Another company that alienated land in the area was Chemelil Sugar Company. But this was during the period after independence. However, when one examines the history of the company, one notices that it was established largely through a similar pattern as the Miwani Sugar Company. These companies alienated land from Africans and made them landless. To be sure, the companies created many economic opportunities for the local people, but their beginning was based on the exploitation of the local's people main resources--land.

But what was the fate of these companies after independence? When Africans began to press for their independence, the sugar companies such as Miwani Sugar Company effectively collapsed. The reason was that as Africans campaigned for their independence, they also agitated to get their land back. Their campaign bore fruit after Kenya achieved independence in 1963, and the new government embarked on a program known as “Indigenization” during the 1963-64 period. Through this program, the new Kenya government set up a funding body called the “Settlement Fund Trustee."

The funding body’s main function was to pay settlers for the alienated land. Through this program, the Kabonyo Settlement Scheme was created and developed to help the landless Africans acquire land. Thus, native, landless Africans could purchase “blocks” of land from the Kabonyo Settlement Scheme. The native Africans could also purchase land through the Muhoroni Settlement Scheme. The prices of land often differed from one scheme to another, and from one block of land to another. For example, under the Muhoroni Settlement Scheme different “blocks of land” were offered at different prices.

The Kabonyo Settlement Scheme was one of the settlement schemes that facilitated the settlement of landless Africans after Kenya gained independence in 1963. Many of the original land owners were therefore able to acquire land. This fact not withstanding, there is no denying that some of the beneficiaries of the land were politically connected and did not deserve the land. Another issue is that land ownership in the area has increasingly become controversial: land rivalry between families, clans, and ethnic communities in the area has become very common.
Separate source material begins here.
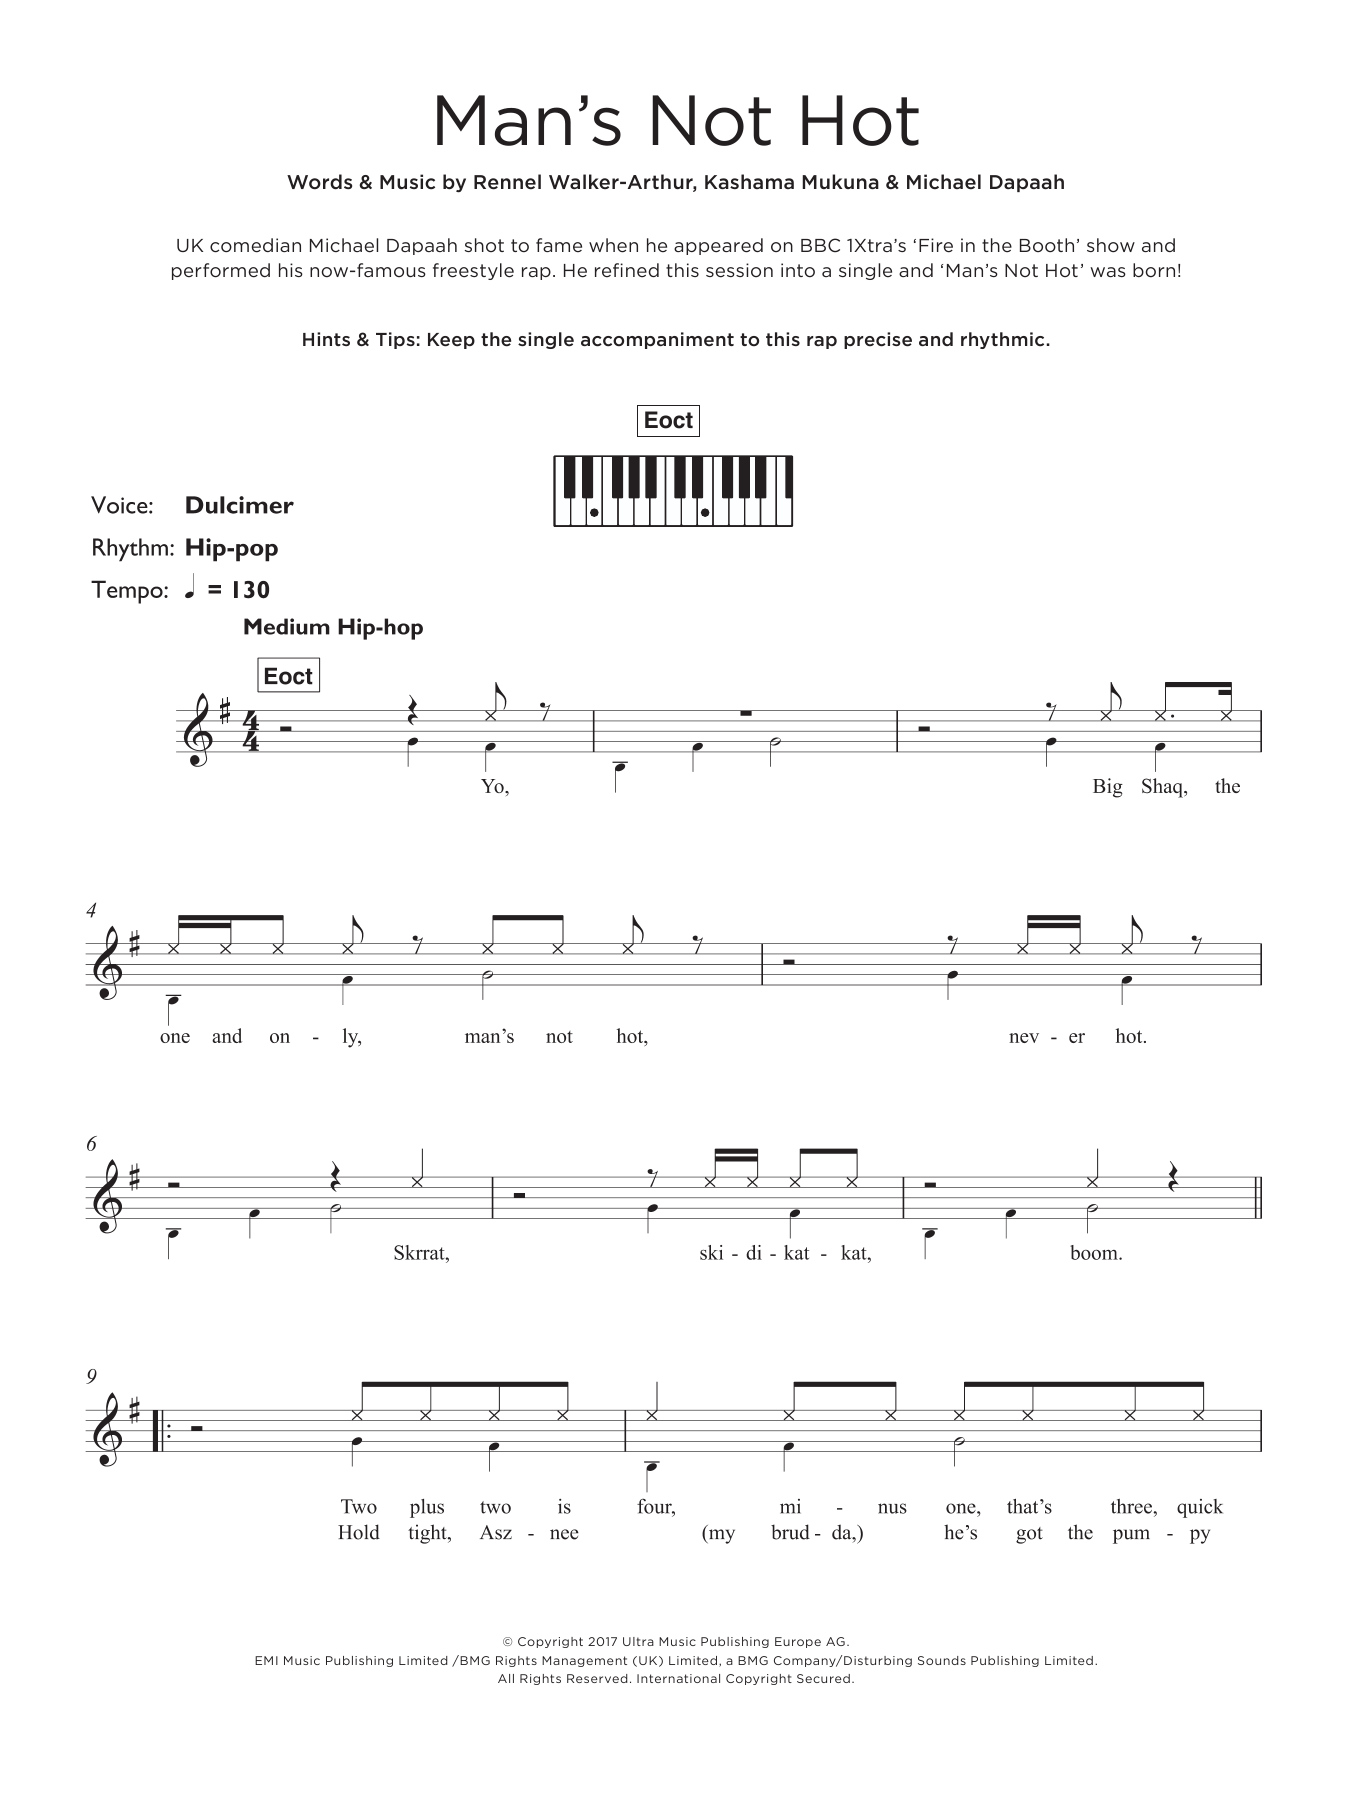 Big Shaq Man's Not Hot Sheet Music Notes & Chords for Keyboard - Download or Print PDF

In conclusion, land possession and alienation in Africa are issues with many different variables involved. The colonial and post-colonial eras have left Africa as a whole with many more questions than answers regarding the land question. Land alienation began in South Africa in the 17th century and in Kisumu in the early 20th century. The creation of Miwani Sugar Company is an example of what happened to Africans with respect to land alienation in Africa.